ASTANA – With more than 130 ethnic groups and 17 major religious faiths living in peace and harmony, Kazakhstan is deeply committed to providing a better life for every person, said Kazakh Deputy Prime Minister and Minister of Foreign Affairs Mukhtar Tileuberdi at the Sept. 21 high-level meeting on the 30th anniversary of the Declaration on Rights of Persons Belonging to National or Ethnic, Religious and Linguistic Minorities in New York, reported the ministry’s press service on Sept. 22.
United Nations (UN) Secretary-General António Guterres, President-Elect of the 77th session of UN General Assembly Csaba Kőrösi, Nobel laureate Nadia Murad, heads of state and government of member countries, and representatives of civil society and academia attended the event.
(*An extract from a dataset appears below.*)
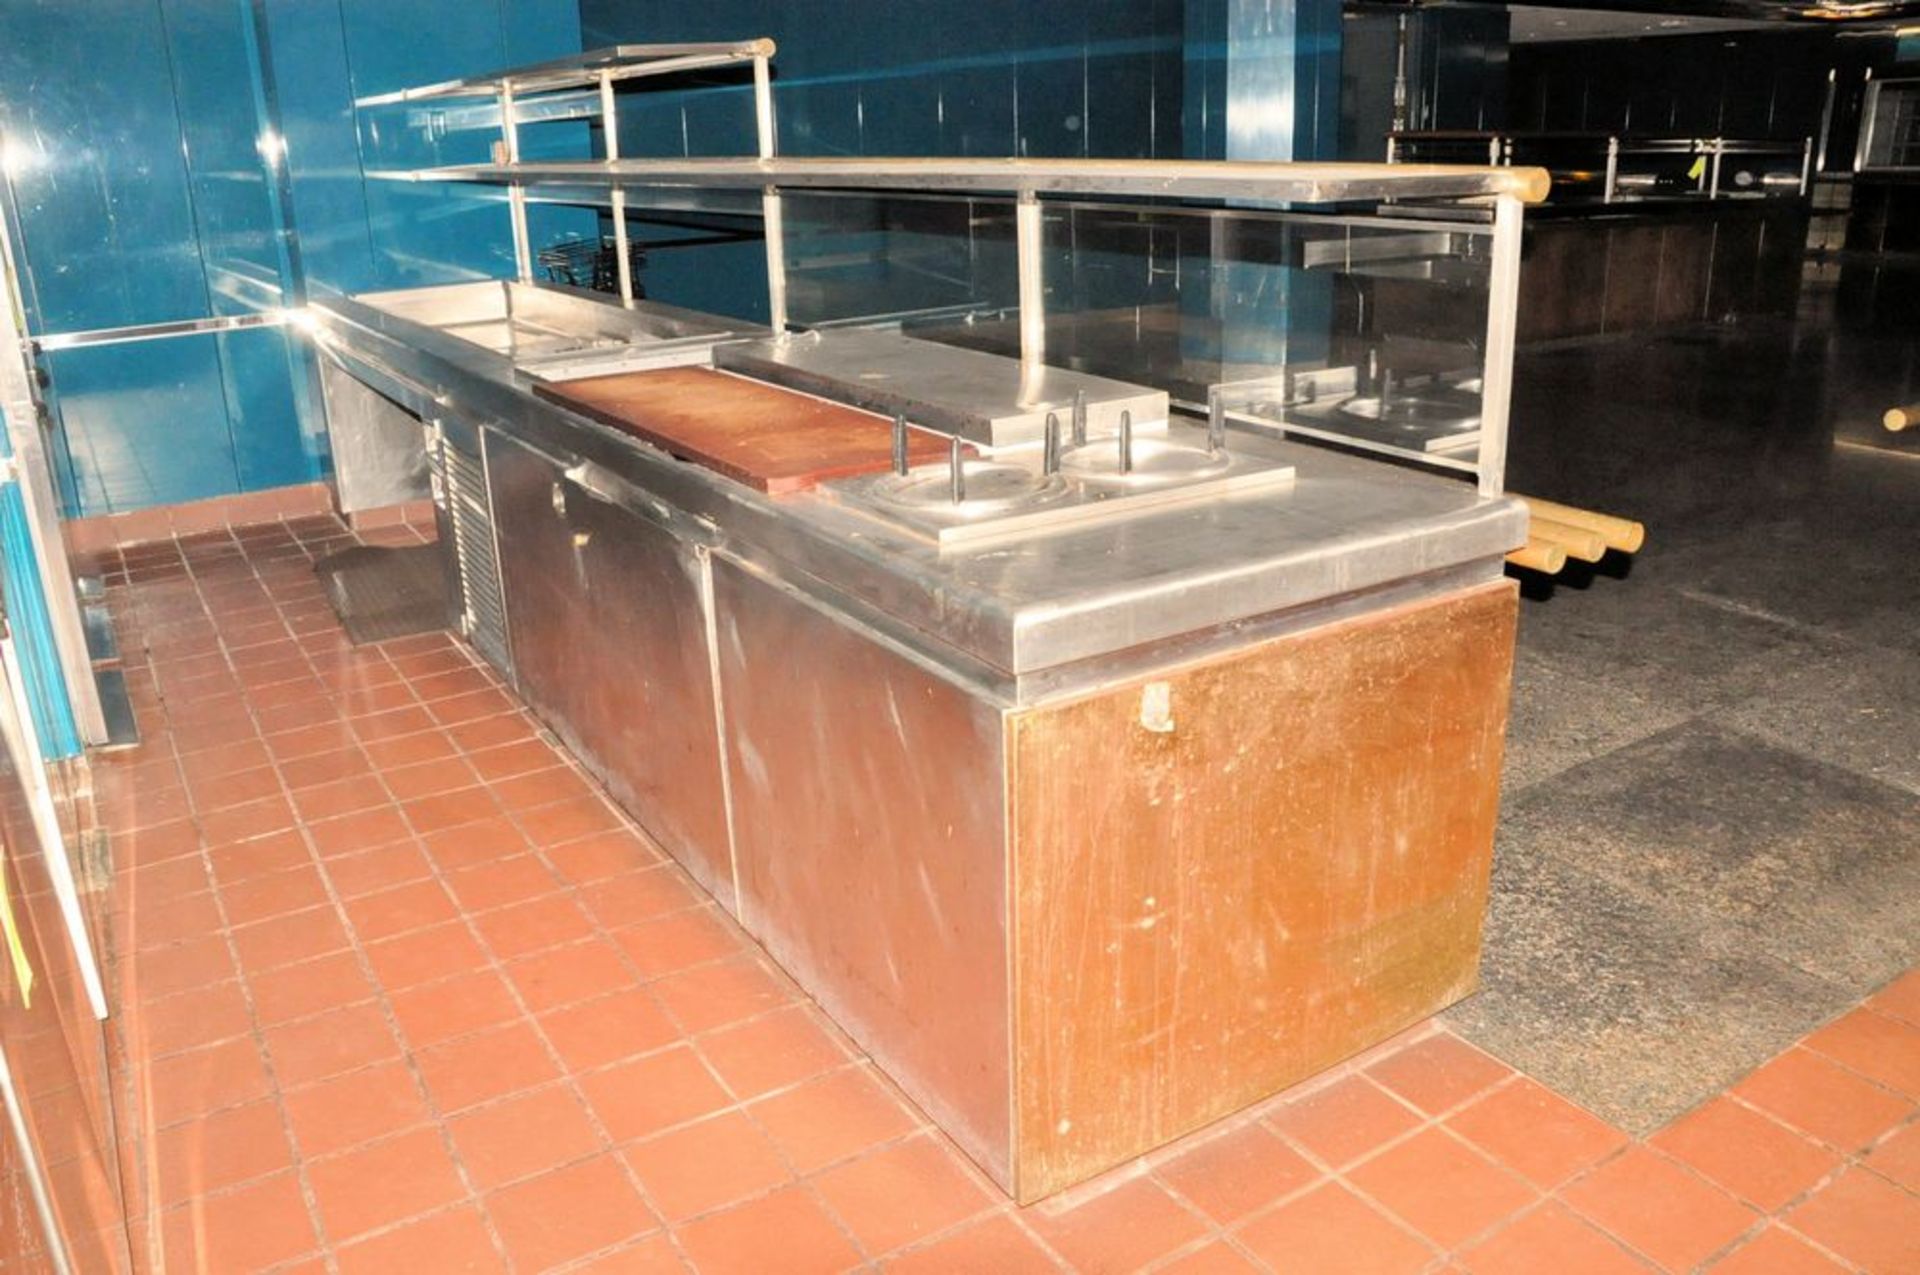 Stainless Steel Cold Sandwich Server Station, 3' x 16', with Overhead Sneeze Guard, (Main Kitchen - Image 2 of 4

More than three-quarters of the world’s stateless people are minority groups. The meeting participants noted that national and religious minorities still face forced assimilation, persecution, prejudice, discrimination, stereotyping, violence, and hatred worldwide. According to Guterres, states, which ensure that minorities enjoy the fundamental right to equality, as a rule, develop more successfully.
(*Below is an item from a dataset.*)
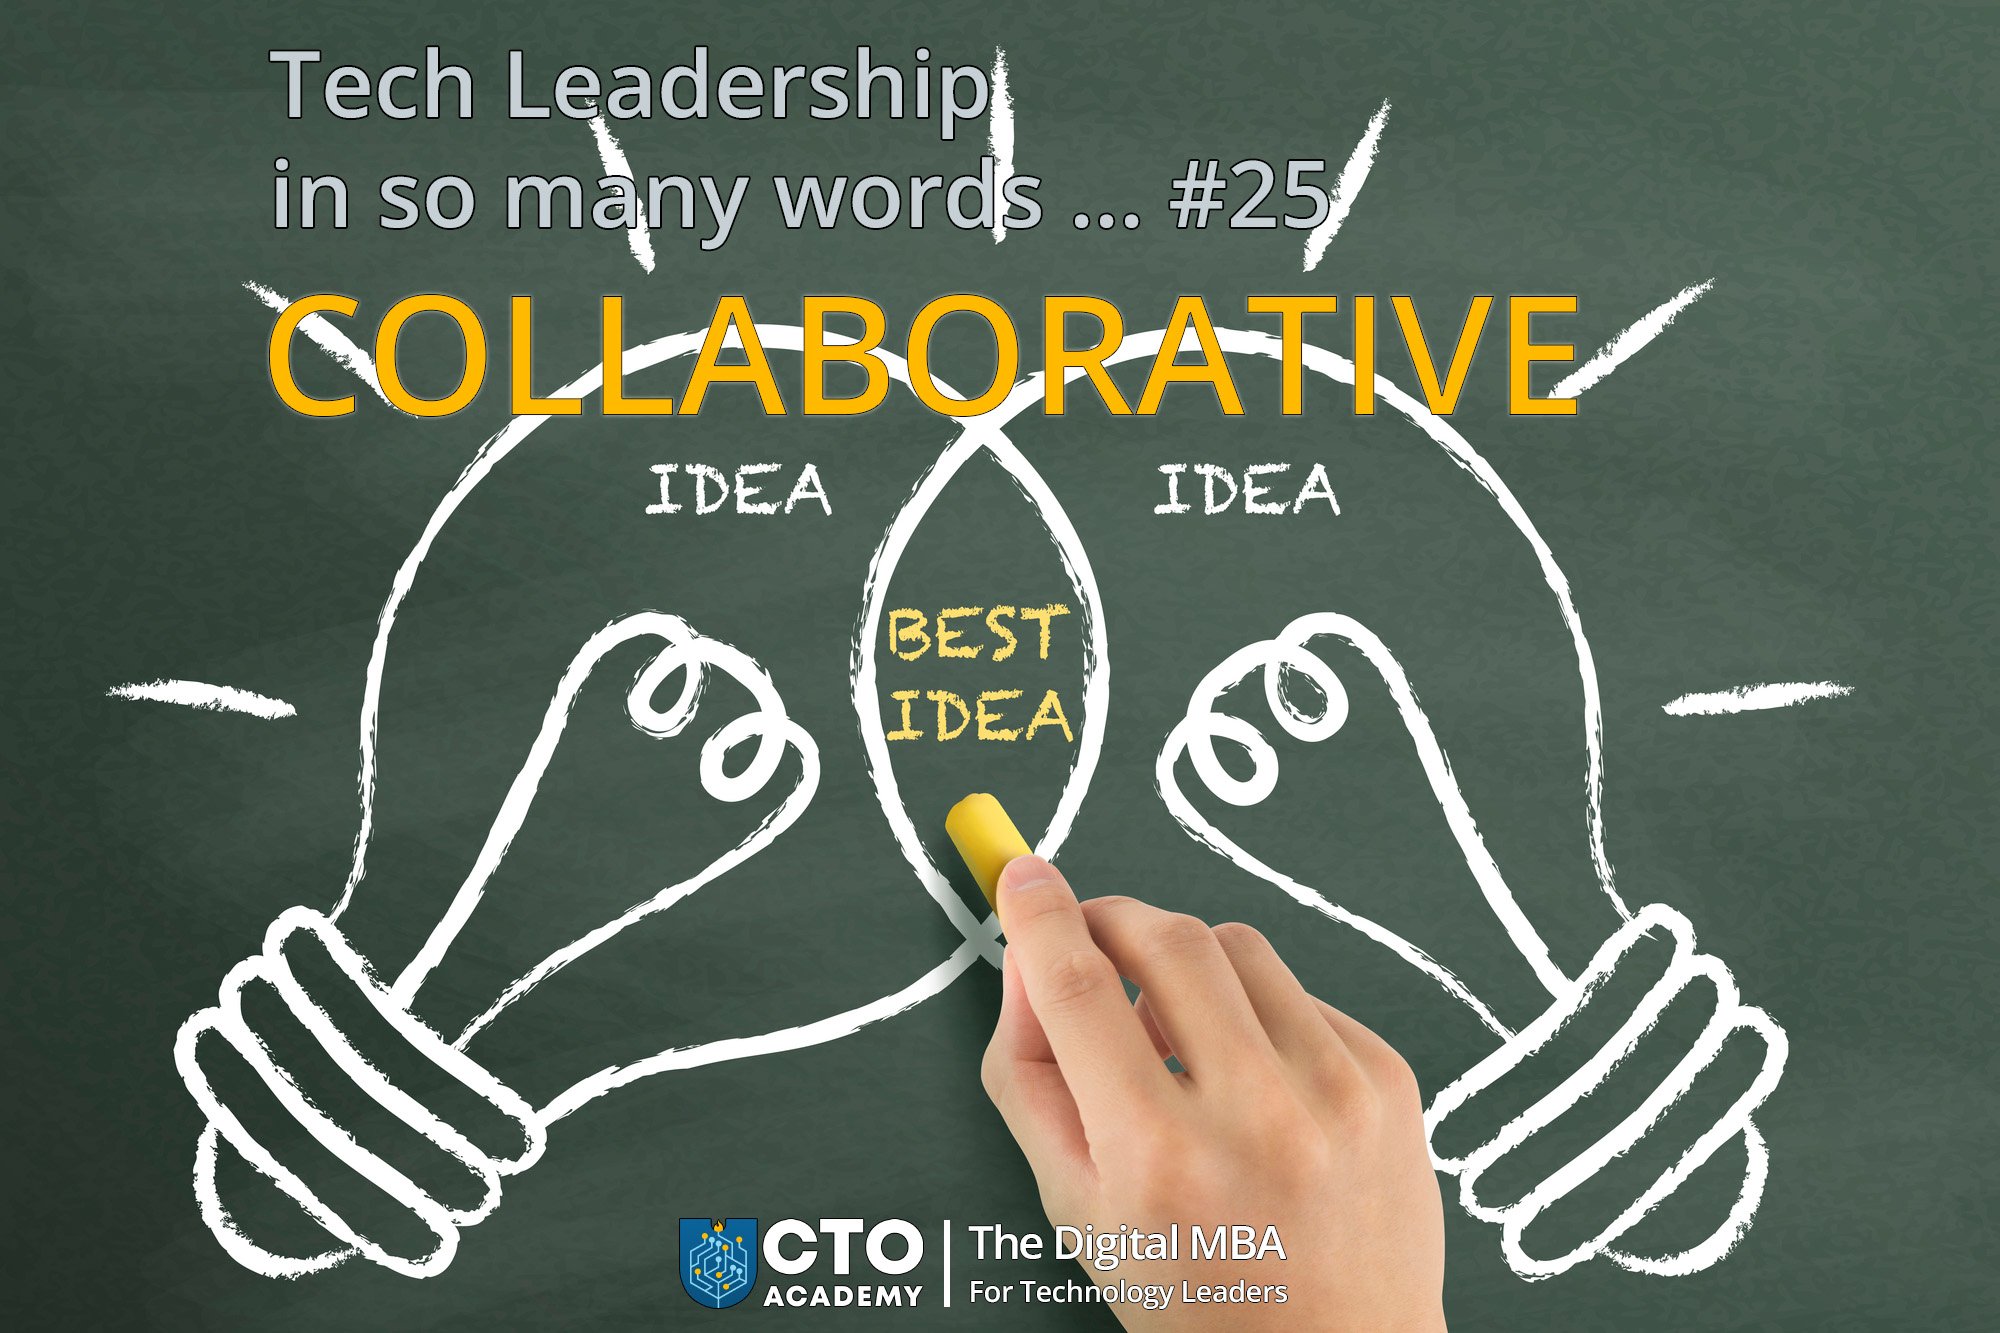 Tech Leadership in So Many Words - #25 - Collaborative

Tileuberdi also took part in the high-level meeting on Sustainable Mountain Development, convening at the initiative of Kyrgyzstan.
The meeting participants discussed strategies for the conservation of mountain ecosystems, which provide 25 percent of the world’s biodiversity and 60-80 percent of all freshwater, joint measures to reduce the melting of glaciers, and preservation of the mountain ecosystems’ flora and fauna.
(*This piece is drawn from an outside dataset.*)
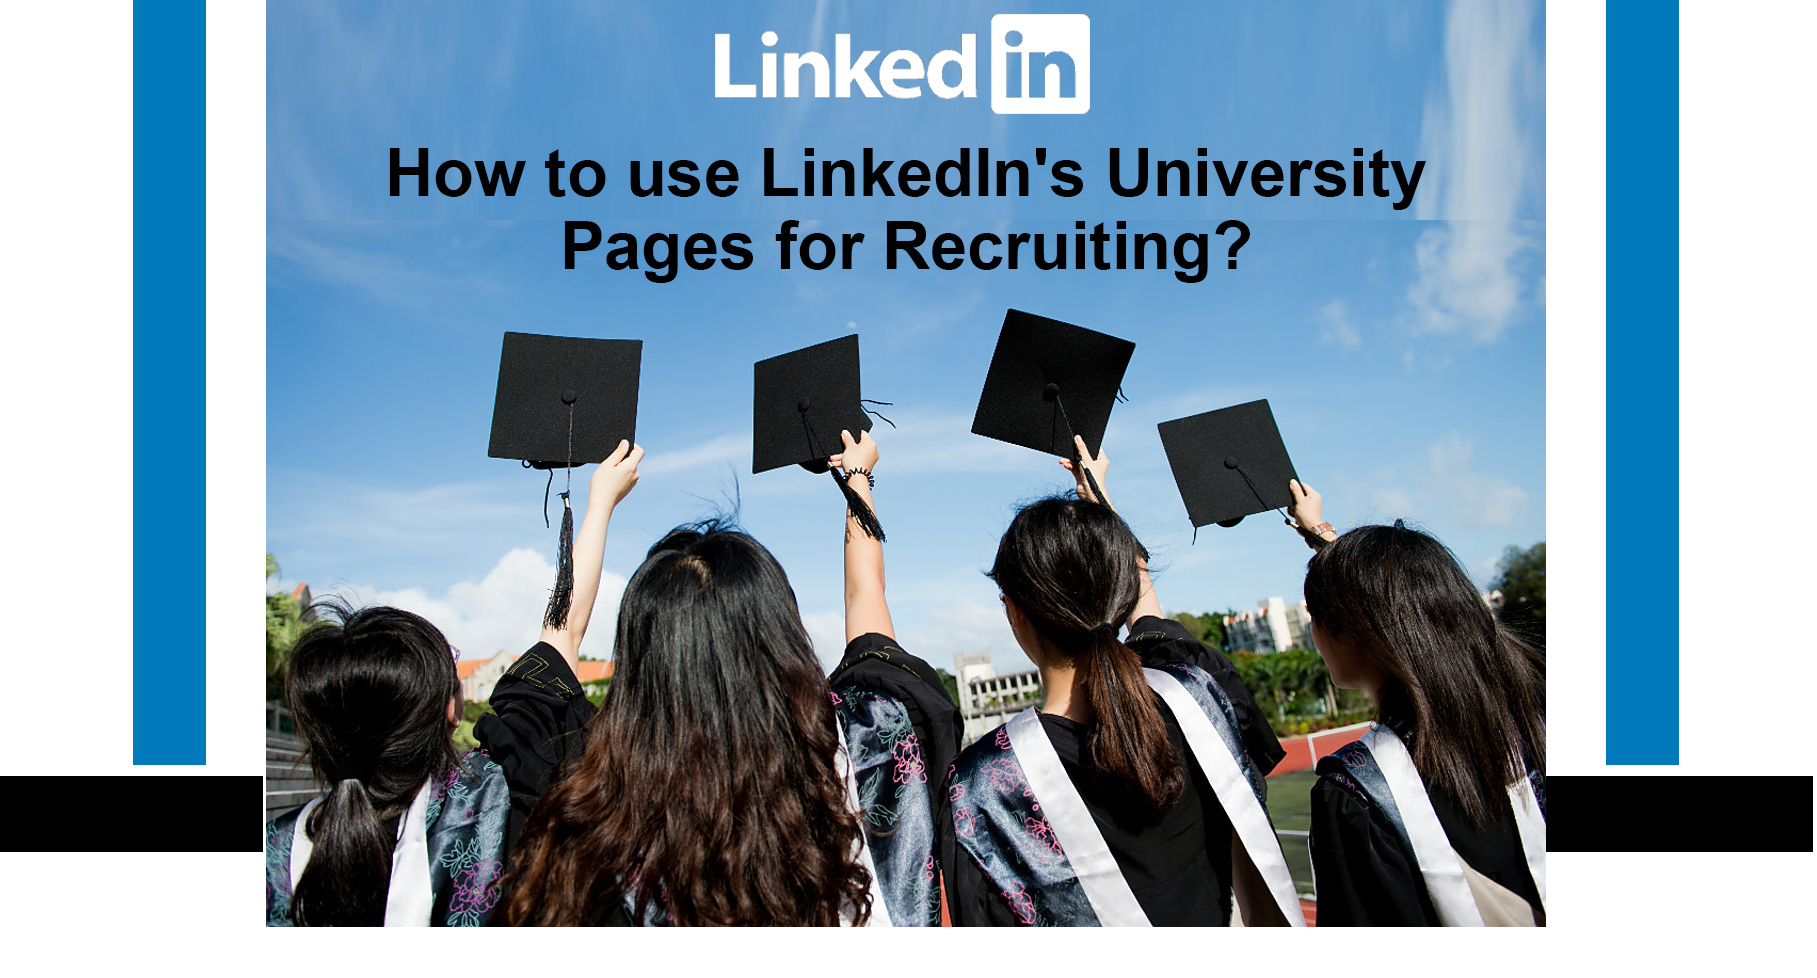 How to use LinkedIn's University Pages for Recruiting?

Tileuberdi stated that the mass of the glaciers in Central Asia has decreased by 20-30 percent over the past 50 years, and brought up the Tuyuk-Su glacier, the largest of 2,724 glaciers in Kazakhstan, as an example, which annually loses around one million tons of its volume. This harmful process carries significant risks to food, energy, and environmental security. He called for the strengthening of regional cooperation to improve climate change adaptation.
During the meeting with UN Under-Secretary-General for Political and Peacebuilding Affairs Rosemary DiCarlo, Tileuberdi focused on Kazakhstan’s commitment to peace and stability in the region, especially in Afghanistan.
He talked about the country’s previous efforts to ensure the region’s security and stability, including a university program funded by the European Union for Afghan women in Kazakhstan. Back in 2019, the European Union, the United Nations Development Programme (UNDP) and Kazakhstan launched an education program to train and educate several dozen Afghan women in Kazakh universities over the next five years.
The sides addressed urgent issues on the international agenda, including the situation in Central Asia and Afghanistan, as well as the current state and prospects for cooperation between Kazakhstan and the UN.
DiCarlo, in turn, commended economic and humanitarian assistance provided by Kazakhstan to the Afghan people, as well as the decision of President Kassym-Jomart Tokayev to temporarily deploy the personnel of the UN Assistance Mission to Afghanistan (UNAMA) in Almaty in August last year.
Following the meeting, the parties signed an Agreement on the Status of the UN Temporary Remote Office of Afghanistan in Almaty.